La batalla del puente San Juan fue en 1202, y el cautiverio de Perusa duró un año entero, durante el cual Francisco mostró un ánimo tan alegre y regocijado, que era la admiración de sus compañeros; mientras éstos penaban, él no hacía más que cantar y decir donaires, y si alguien le echaba en cara tan extraña actitud, él contestaba: «¿No sabéis que me aguarda un grandioso porvenir y que vendrá un día en que todo el mundo me rendirá homenajes?» Empezaba ya a apuntar en él esa segura confianza en sus destinos, esa convicción serena del magnífico porvenir que le estaba reservado, en que todos sus biógrafos creen ver uno de los rasgos más sobresalientes del carácter de Francisco en los años de su juventud.
Por fin, en noviembre de 1203 se firmó la paz entre los dos partidos beligerantes. Los burgueses de Asís prometieron resarcir los daños que habían causado en las propiedades de los nobles, y éstos se comprometieron a no pactar en lo sucesivo alianza alguna con otros pueblos sin autorización de sus conciudadanos.
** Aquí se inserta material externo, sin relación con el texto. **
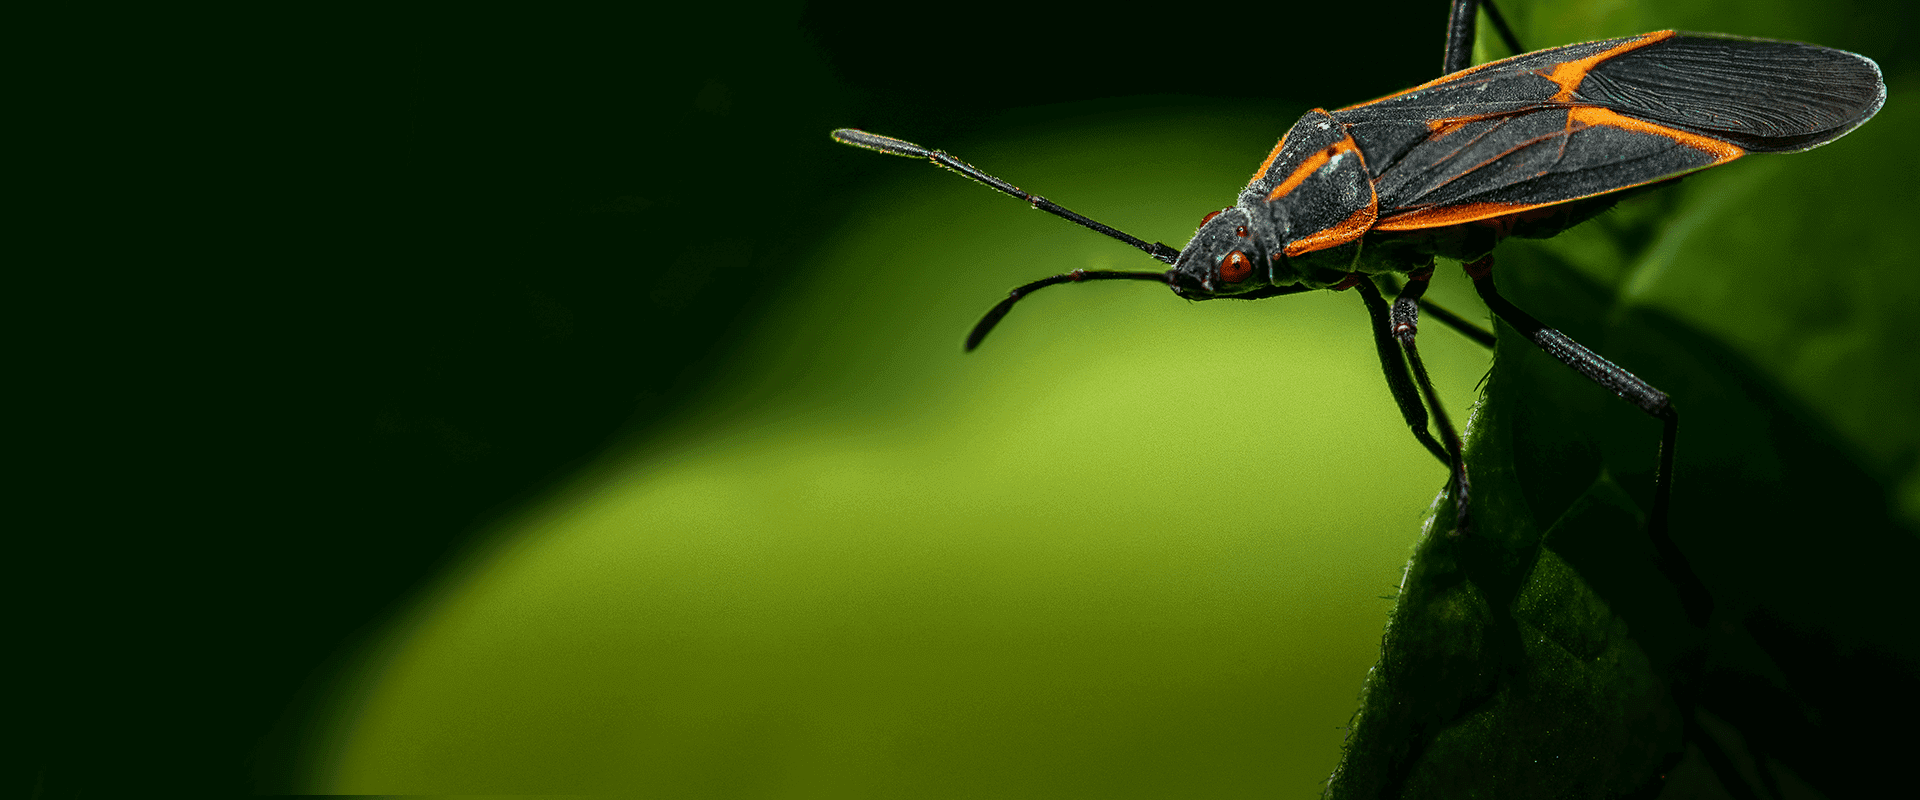 box elder bugs destroying plants in dc

En consecuencia, Francisco y sus compañeros fueron puestos en libertad.
Hermoso papel había desempeñado en la prisión nuestro cautivo: no fue sólo, como queda dicho, el apóstol de la alegría y del buen humor, sino también un ángel de paz. Porque había en la cárcel un caballero que, con su trato intemperante y soberbio, se había atraído el odio de todos los camaradas, excepto el de Francisco, quien, al contrario, le trató siempre con tanta benignidad y tan ingeniosa paciencia, que llegó a conseguir que el grosero y orgulloso personaje reconociera sus faltas y buscase la compañía de los demás, de quienes se obstinara en permanecer alejado.
Pero esa larga y forzada convivencia con los nobles le comunicó también cierto gusto por la vida y las ocupaciones aristocráticas, como lo demostró durante los tres años siguientes a su cautiverio (1203-1206). En este lapso de tiempo Francisco no fue ni quiso ser otra cosa que un asiduo cultivador de la gaya ciencia provenzal; entonces fue cuando se lanzó al torbellino de las fiestas y de los placeres, de donde sólo una mortal enfermedad vino a sacarle, aunque no definitivamente todavía.